Chongqing Haifu (HIFU) Technology Co., Ltd.
- Industry: Medical equipment manufacturing
- Founded: 1999
- Headquarters: Chongqing, People's Republic of China
- Website: http://www.haifu.com.cn

= Haifu =

Chinese medical device manufacturer

Haifu (海扶 (hǎi fǘ)) is a company founded in 1999 and headquartered in Chongqing, China, which is a leading manufacturer of non-invasive ultrasound therapeutic systems for both malignant and benign tumors.

In October 2005, the National Engineering Research Center of Ultrasound Medicine was built in Haifu. China's Development and Reform Commission planned to create top 10 national engineering research centers in 10 key fields. The one in Haifu is the only one in the digital medical device field.
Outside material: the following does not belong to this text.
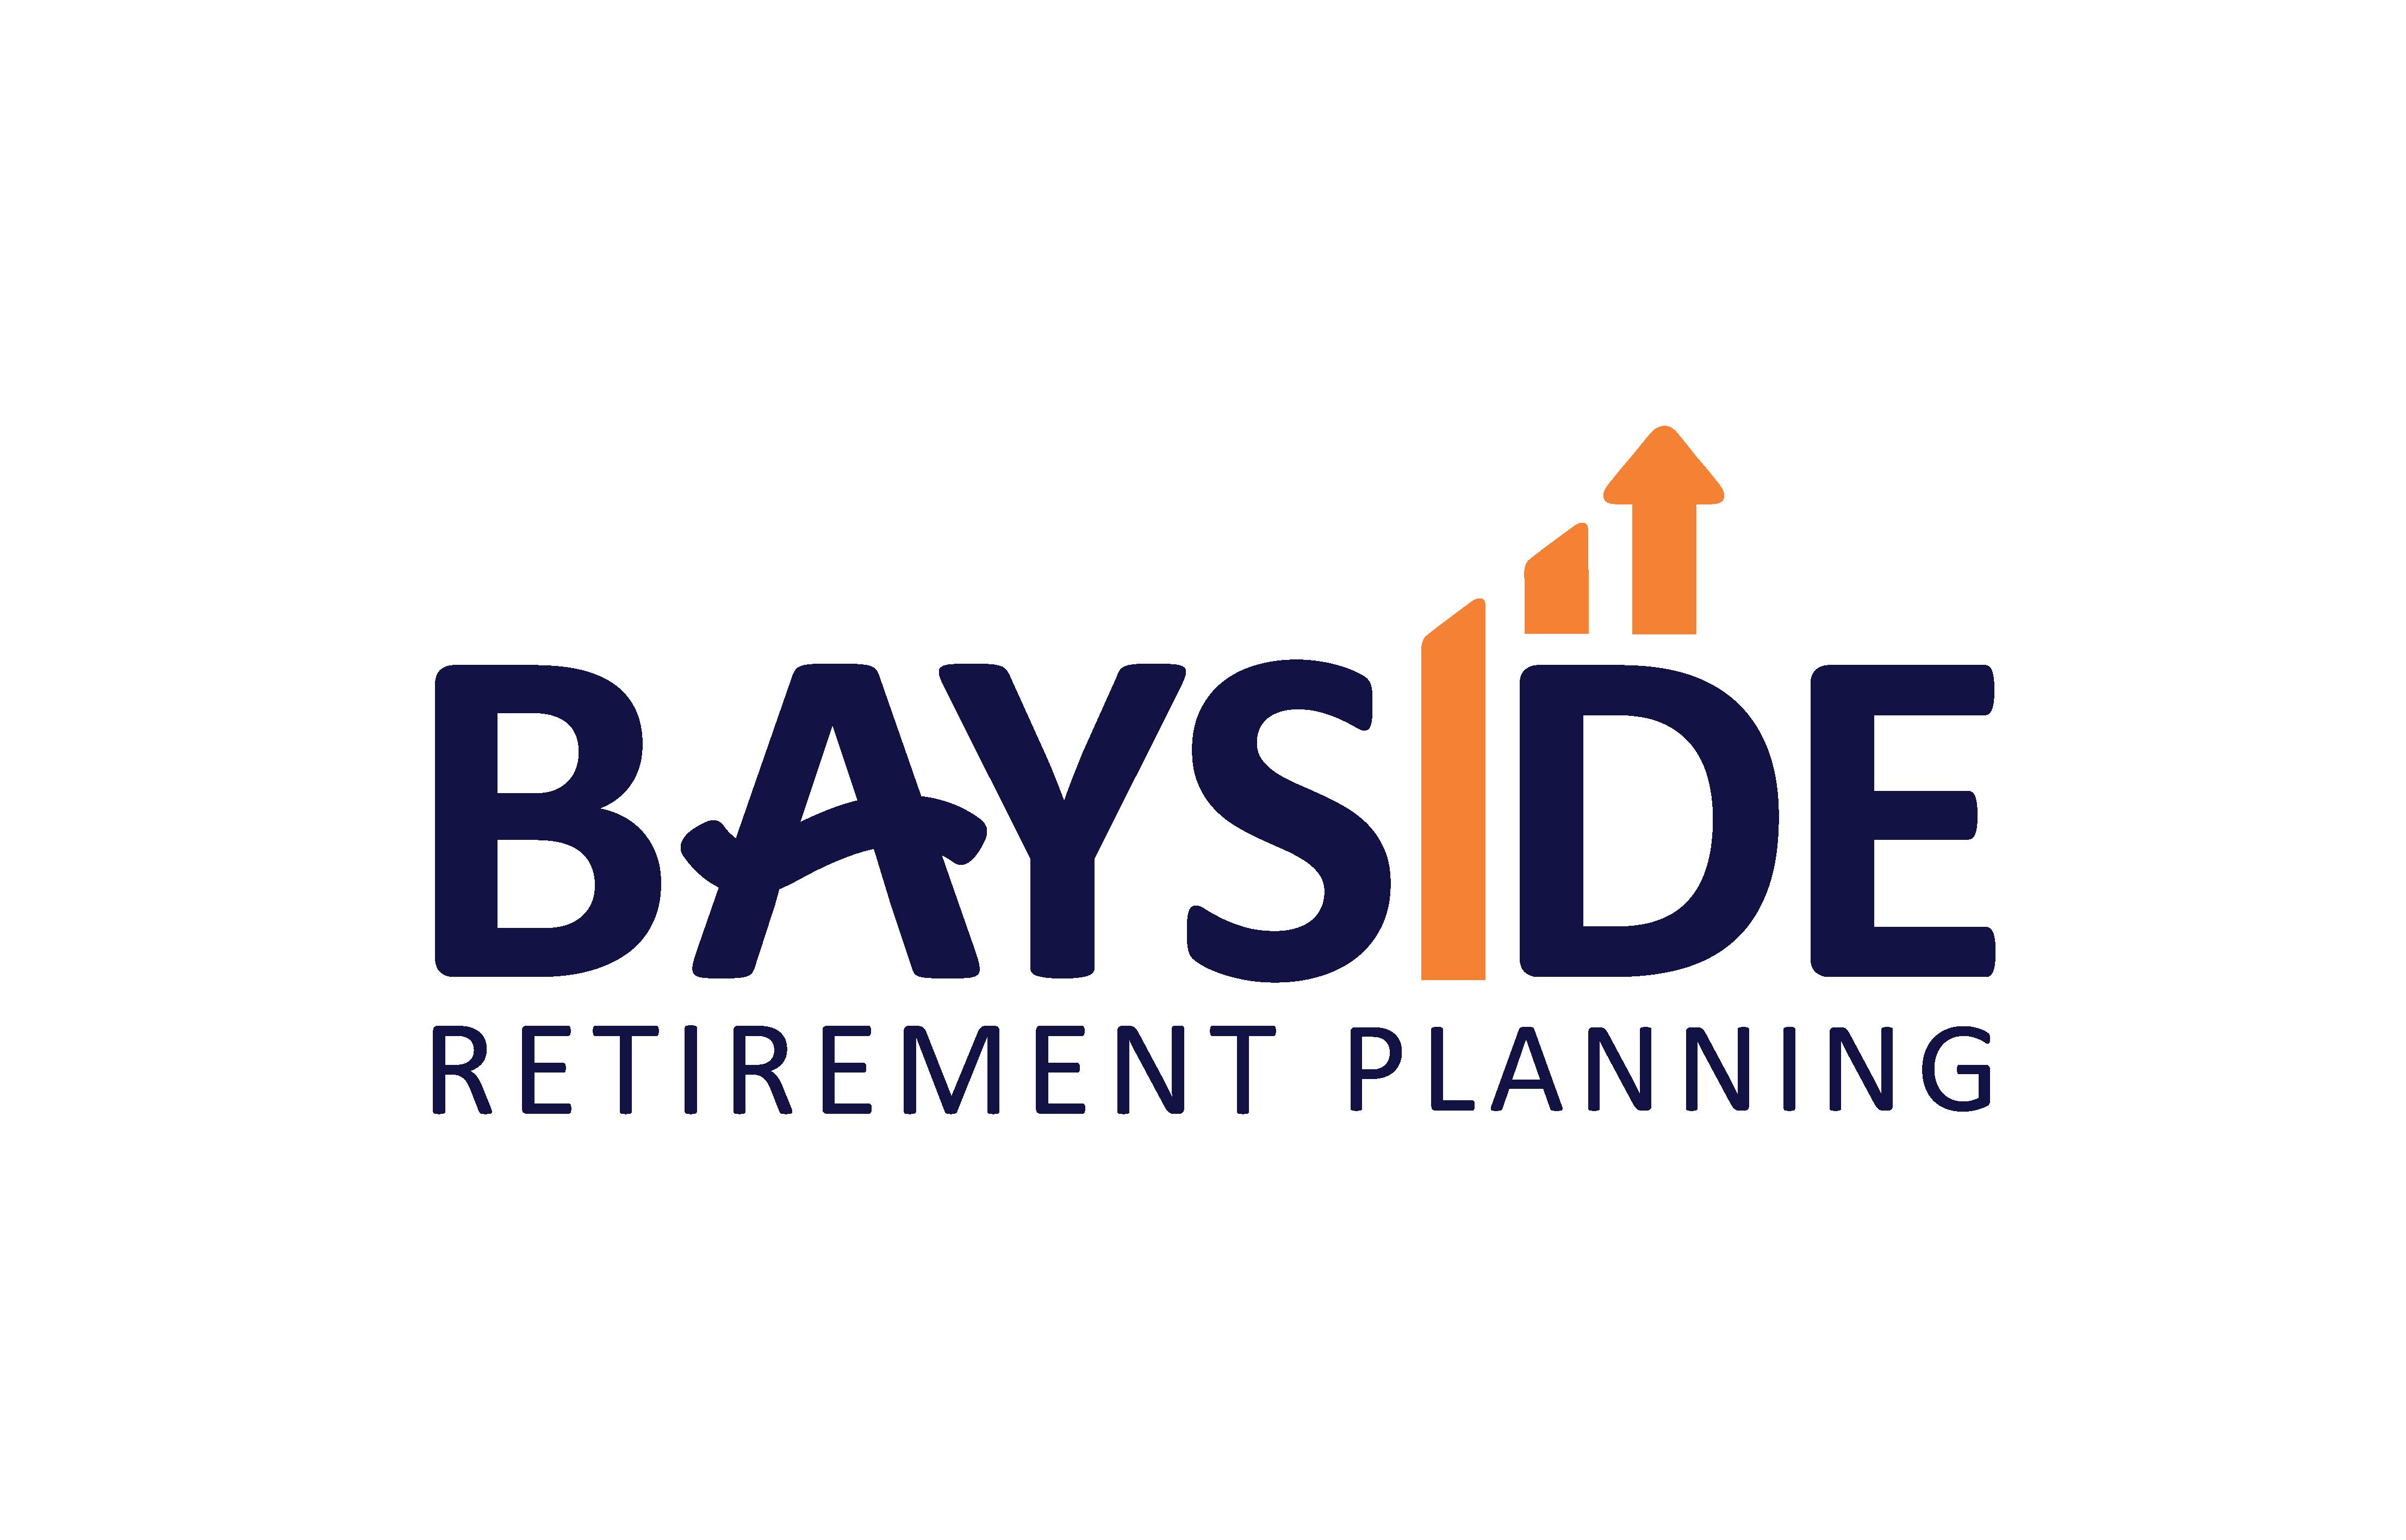 Bayside Retirement Planning

Haifu is a medical device manufacturer, producing high-intensity focused ultrasound (HIFU) equipment. The HIFU machines produced are CE certified. The company sells in foreign markets and was noted in a China Daily article as an example of Chinese businesses manufacturing goods of higher sophistication for the international market.

The company exported a HIFU unit to Oxford University Hospitals NHS Trust (Churchill Hospital) in 2002. The installed base for the product includes 24 medical institutions in 14 countries.